SEYİRCİDEN TARAFTARA 10 Haziran 2010 17:17:26
Salon sporlarında izleyicilerin sahaya etkisi, fiziksel koşullardan dolayı futbola göre daha fazladır. Oyunculara ve hakemlere bazen oturduğunuz yerden elinizi uzatsanız dokunabilirsiniz.
Bu sıcak etkileşim doğru yönetilirse, seyirciden taraftara dönüşüp sahada “6. Adam” oluverirsiniz. Savunmada pota altı canavarına ve hücumda ise keskin bir şutöre dönüşürsünüz.

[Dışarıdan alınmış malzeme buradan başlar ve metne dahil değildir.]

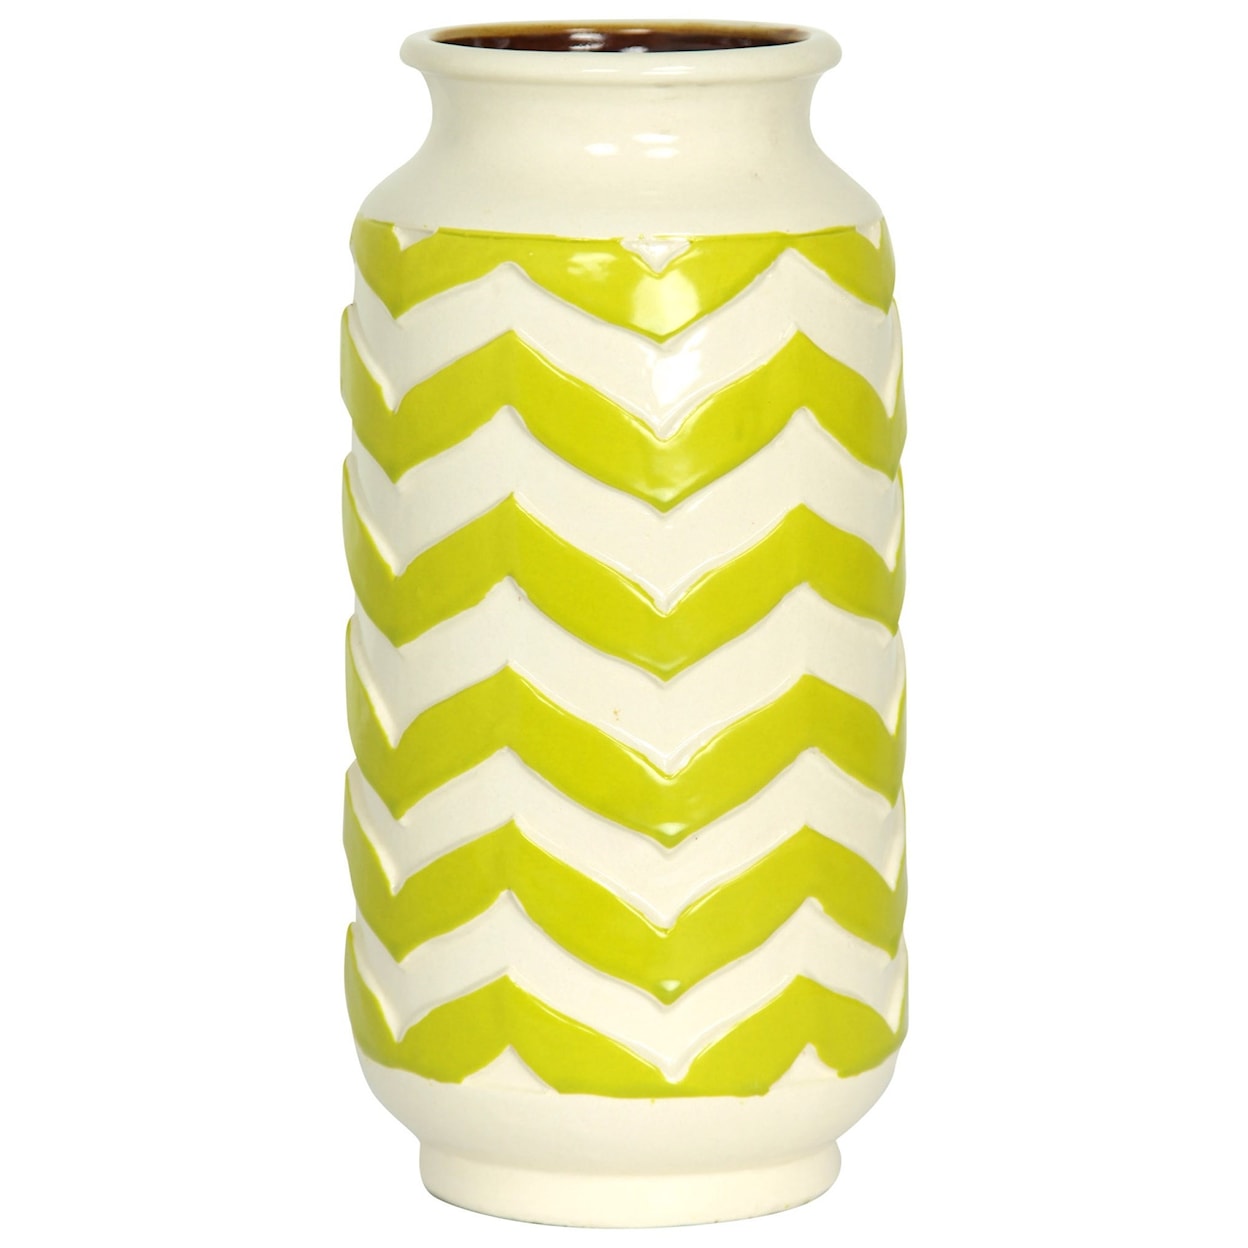 StyleCraft Accessories Chevron Striped Ceramic Vase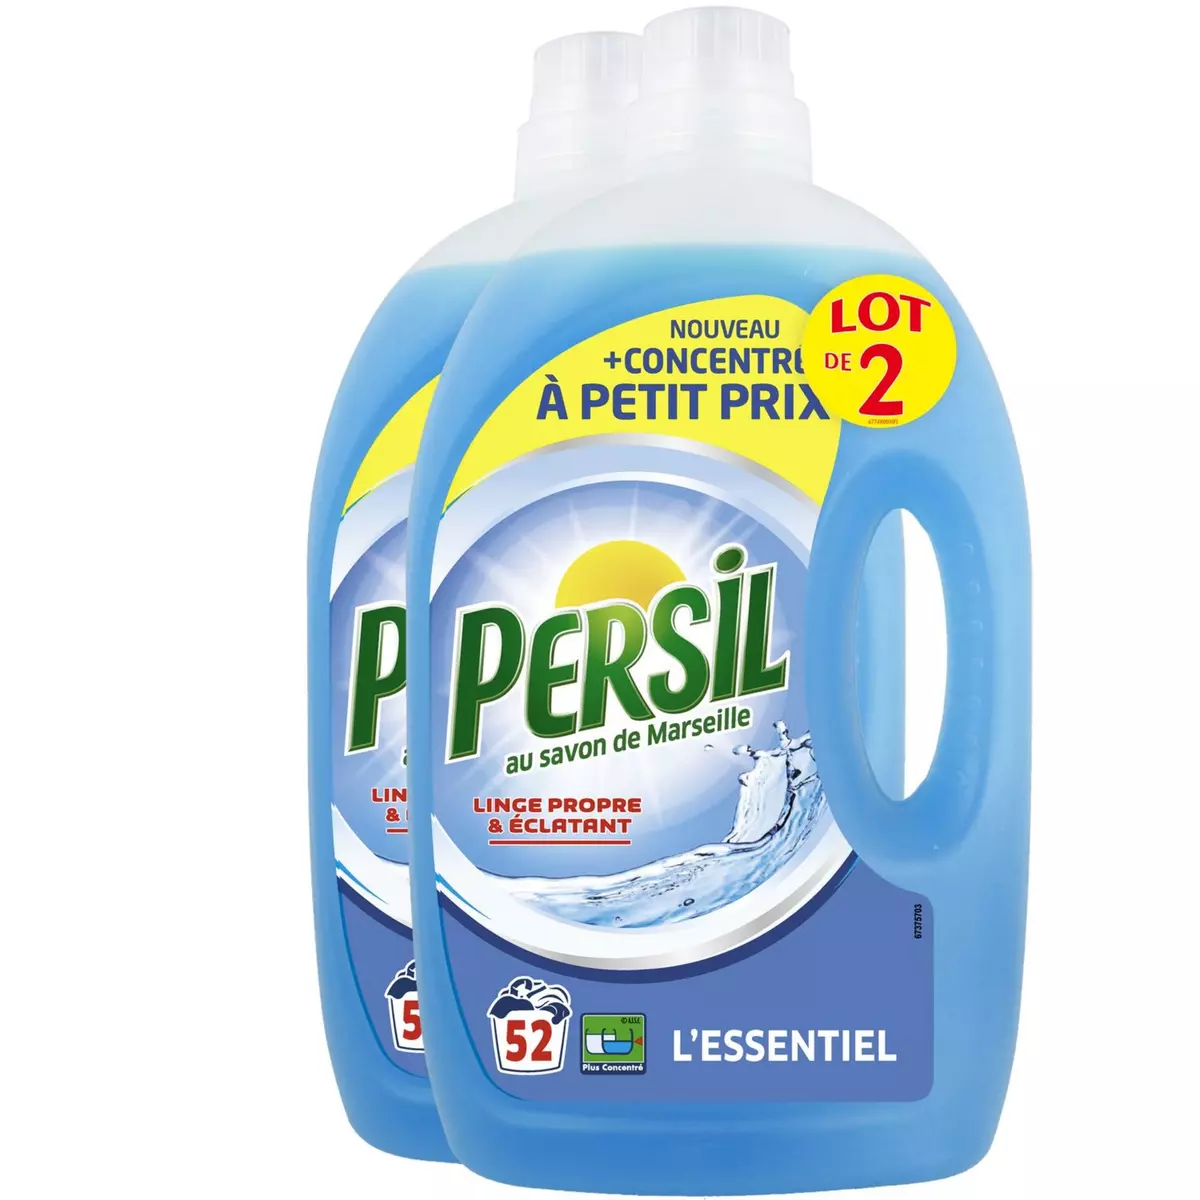 PERSIL Persil lessive diluée essentiel lavage x52 -2x2,6l

Mesela rakibin hücum ettiği pota arkasındaki kitle, "takımım geçilse dahi ben buradayım" mesajı vermelidir rakibe.
Açık söylemek gerekirse “sahadaki oyuncunun maç başladıktan sonra gözü seni beni görmez" savına inanmayanlardanım. En üst düzey liglerde bile nice tecrübenin dizlerini titreten taraftar toplulukları vardır.
Mesela Panathinaikos, Partizan ve Maccabi… Sadece üç örnek. Peki, ne yapıyor bu adamlar?
Öncelikle salonlar, Panathinaikos için yemyeşil, Partizan için bembeyaz, Maccabi içinse sapsarı oluyor. İnsanlar maçlara takımlarının renklerini taşıyan forma veya giysilerle geliyorlar. Bizler de maçlarımıza mümkün olduğunca formalarımızla veya takımımızın renklerinde giysilerle gitmeye özen göstermeliyiz.
Sonrasında “HÜCUMDA ALKIŞ-SAVUNMADA ISLIK VE UĞULTU” bu işin püf noktası.
İnanın başka bir şeye gerek yok. Koltukların üzerinde zıplayıp başka marşların, şarkıların veya rakibe sataşmanın pek getirisi olmaz. Parkeye atılacak en ufak bir cismin aleyhimize gelişeceğini de unutmamak gerekir (Örneğin bu sezon Yeşilyurt’ta oynadığımız play-off maçında, çok rahat öndeyken, turu garantilemişken, son periyotta rakip yedek sandalyelerine laf yetiştirmek ve ne yazık ki su şişesi atmak bize yakışmamıştır. Bu olaydan dolayı kulübümüze ceza verilmiştir ).
Atılan her basket sonrası çok basit bir "oley" nidası ile ayaklanmak ve alkışlarla desteklemek kendi oyuncumuza inanılmaz güven aşılar.
Kaçan şutu bile alkışlamaktan çekinmemeliyiz, oyuncularımızın her koşulda arkalarında olduğumuzu hissettirmeliyiz.
Top rakibe geçtiği anda, "Bordo Mavi" diye tezahüratta bulunmak, yurt dışında Türkçe bilmeyen bir yabancıyla bağıra bağıra Türkçe konuşmak kadar anlamsızdır.
Onlar, “ıslıklar ve uğultularla” karşılandığında şaşıracaklar, setlerini oynarken zorlanacaklardır.
Şimdi "Bordo Mavi’ye karşı mısın” gibi soruları belirebilir zihinlerinizde, hemen açıklayayım.
Dostlar,
Molalar, devre arası ve maç sonu var. 1 dakikalık mola boyunca salon hoparlörlerinden yapılacak müzik yayınını bastıracak kadar kuvvetli "Bordo Mavi" diye de bağırılır başka şeyler de... Hele maç kazanıldıktan sonra salon, festival alanına çevrilebilir. Elde edilen başarıyı doyasıya kutlarken marşlarımızın-tezahüratlarımızın söylenmesine tabii ki karşı değilim.
Ve bir de kronik sorunumuz… Aslında bizimle birlikte ülkemizdeki birçok salonda gözlemlediğim, enteresan bir nokta. Futbolda penaltı öncesi "ooo…" diye bağırıp golü beklemek vardır ya… Basketbolda, serbest atış atan oyuncumuza, bu sesler eziyet gibi gelir.
Evet, eziyet!
Çünkü serbest atış konsantrasyon işi. O esnada sessiz kalmak oyuncumuza yapılacak en büyük yardımdır. Sayıya çevrildiğinde oturduğumuz koltuklardan zıplayıp ve alkışlarla tebrik etmeliyiz. Atış kaçsa da alkışla moral vermeliyiz.